Aquélla parecía ser una sesión de trámite. Sperling había presentado una lista y estaba proponiendo sus «argumentos» para eliminar las «posiciones» que había escogido, y apenas había qué discutir. Goddard se veía apesadumbrado; Camilletti parecía decidido, incluso un poco animado.

Cuando Sperling llegó a Marketing de Nuevos Productos, Goddard se giró hacia mí, pidiendo silenciosamente mi opinión.

– ¿Puedo decir algo? -intervine.

– Eh, sí, claro -dijo Sperling.

– Hay alguien en la lista, Phil Bohjalian… Lleva algo así como trece o catorce años en la empresa.

– Sí, y también está en lo más bajo de la clasificación -dijo Camilletti. Me pregunté si Goddard le habría dicho algo acerca de la filtración al Wall Street Journal.

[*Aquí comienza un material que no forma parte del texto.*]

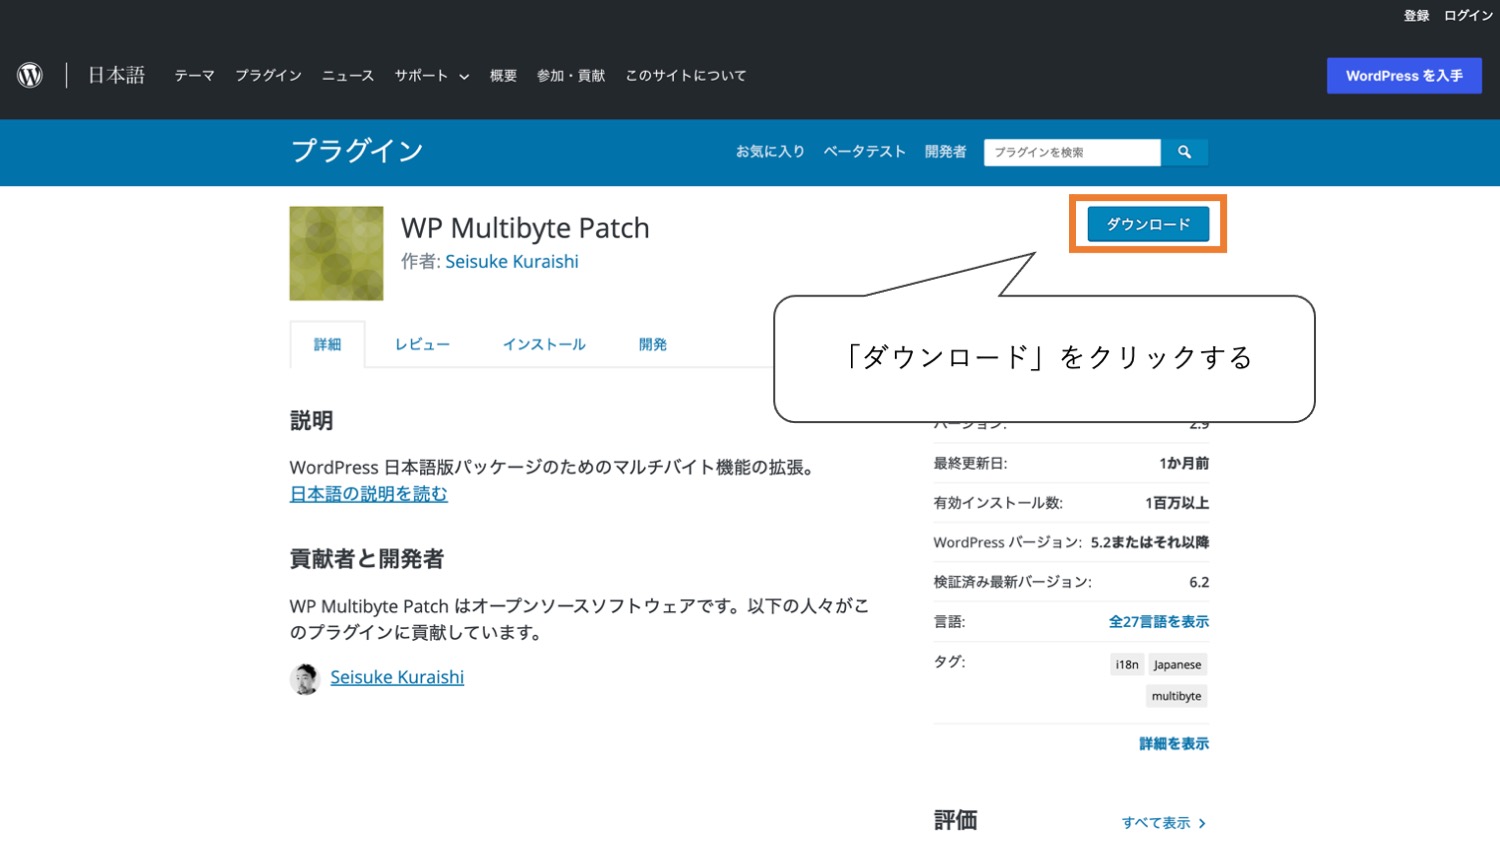 Wp Multibyte Patchの公式サイトで「ダウンロード」をクリックする

No podía saberlo a partir del comportamiento de Camilletti, que no era más hostil conmigo que de costumbre, pero tampoco menos-. Además, dada su posición en la compañía, sus incentivos nos cuestan un ojo de la cara.

– Bien, pues yo cuestionaría su clasificación -dije-. Conozco su trabajo, y creo que esas cifras pueden deberse a cuestiones de tipo personal.

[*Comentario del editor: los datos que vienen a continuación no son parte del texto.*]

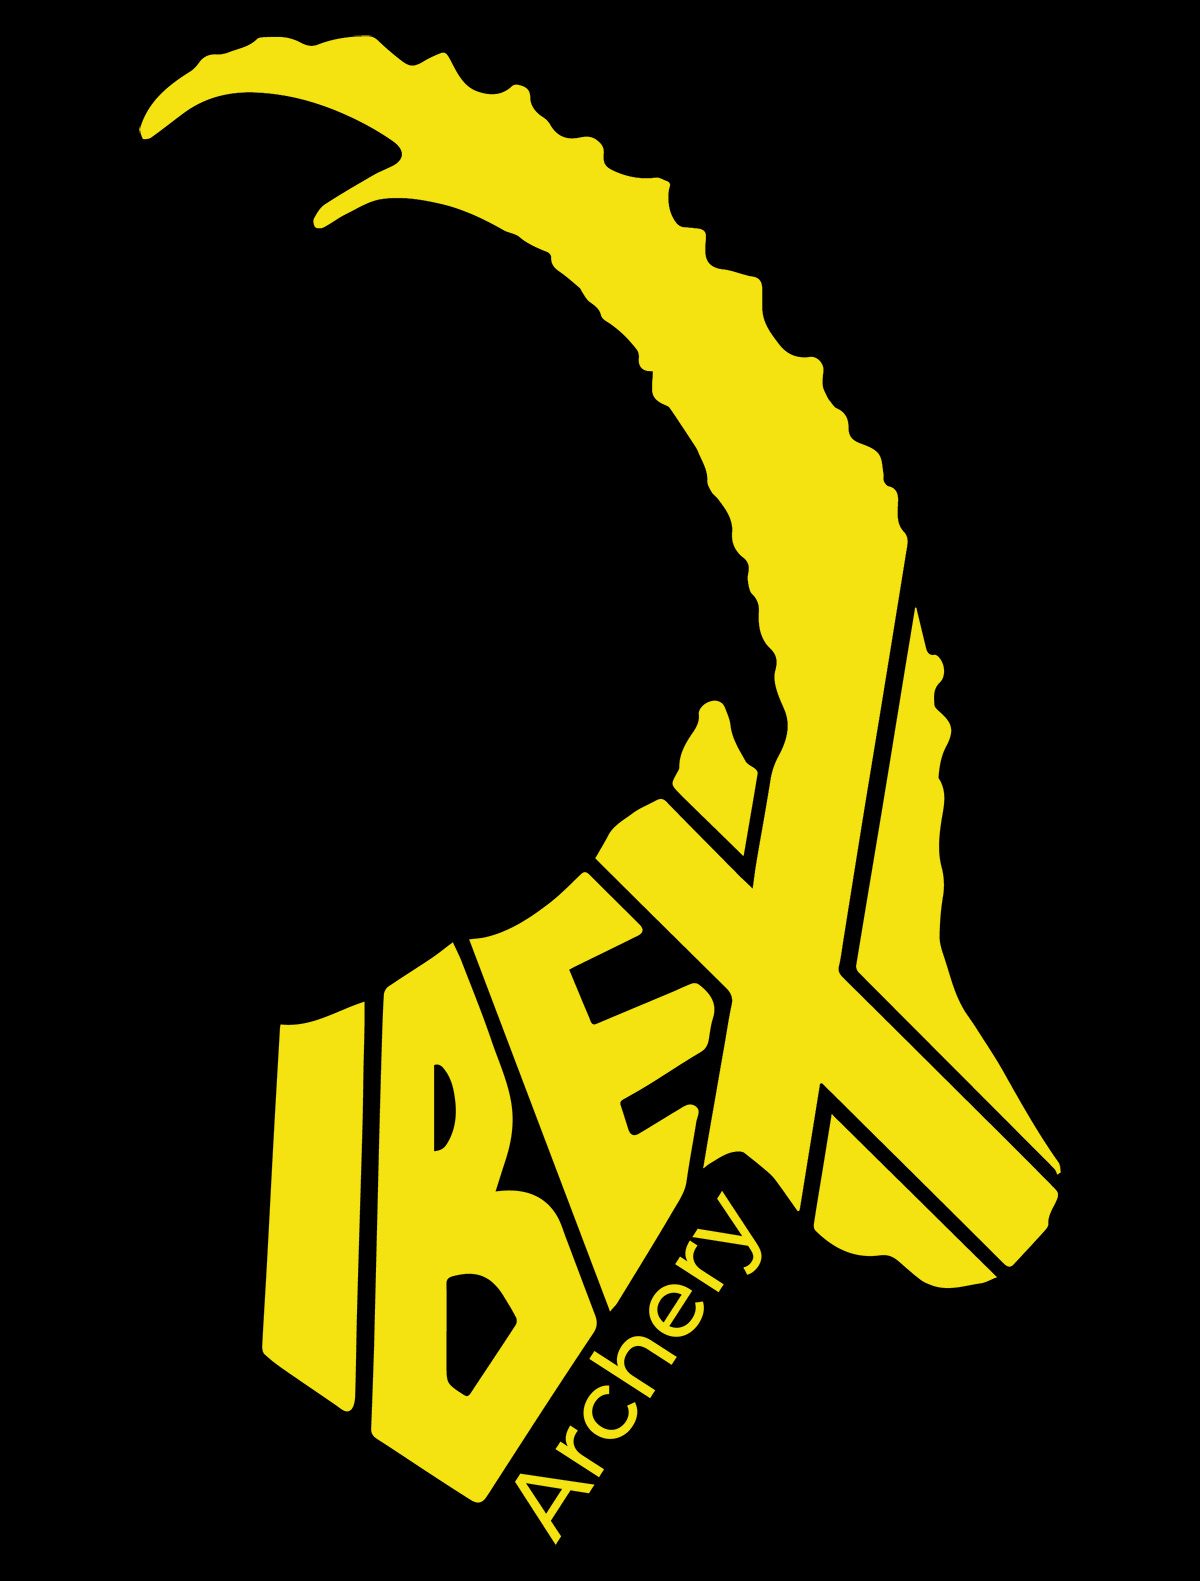 (c) Ibex-archery.ch

– ¿Cuestiones de tipo personal? -dijo Camilletti.

– A Nora Sommers no le gusta su personalidad -dije. De acuerdo, Phil no era amigo mío, pero tampoco podía hacerme daño, y ahora me daba lástima.

– Si esto es tan sólo un choque de personalidades, estamos frente a un abuso del sistema de clasificaciones -dijo Jim Sperling-. ¿Sugiere usted que Nora Sommers está abusando del sistema?

Era claro adónde iba aquello. Podría salvar el empleo de Phil Bohjalian y deshacerme de Nora, todo al mismo tiempo. Era muy tentador: pronunciar una palabra y dejar que a Nora le cortaran el pescuezo. A ninguno de los presentes le importaba. La orden llegaría a Tom Lundgren, y no era probable que él se esforzara por salvarla. De hecho, si Goddard no me hubiera rescatado de las garras de Nora, sería mi nombre el que habría ido a parar a la lista, no el de Phil.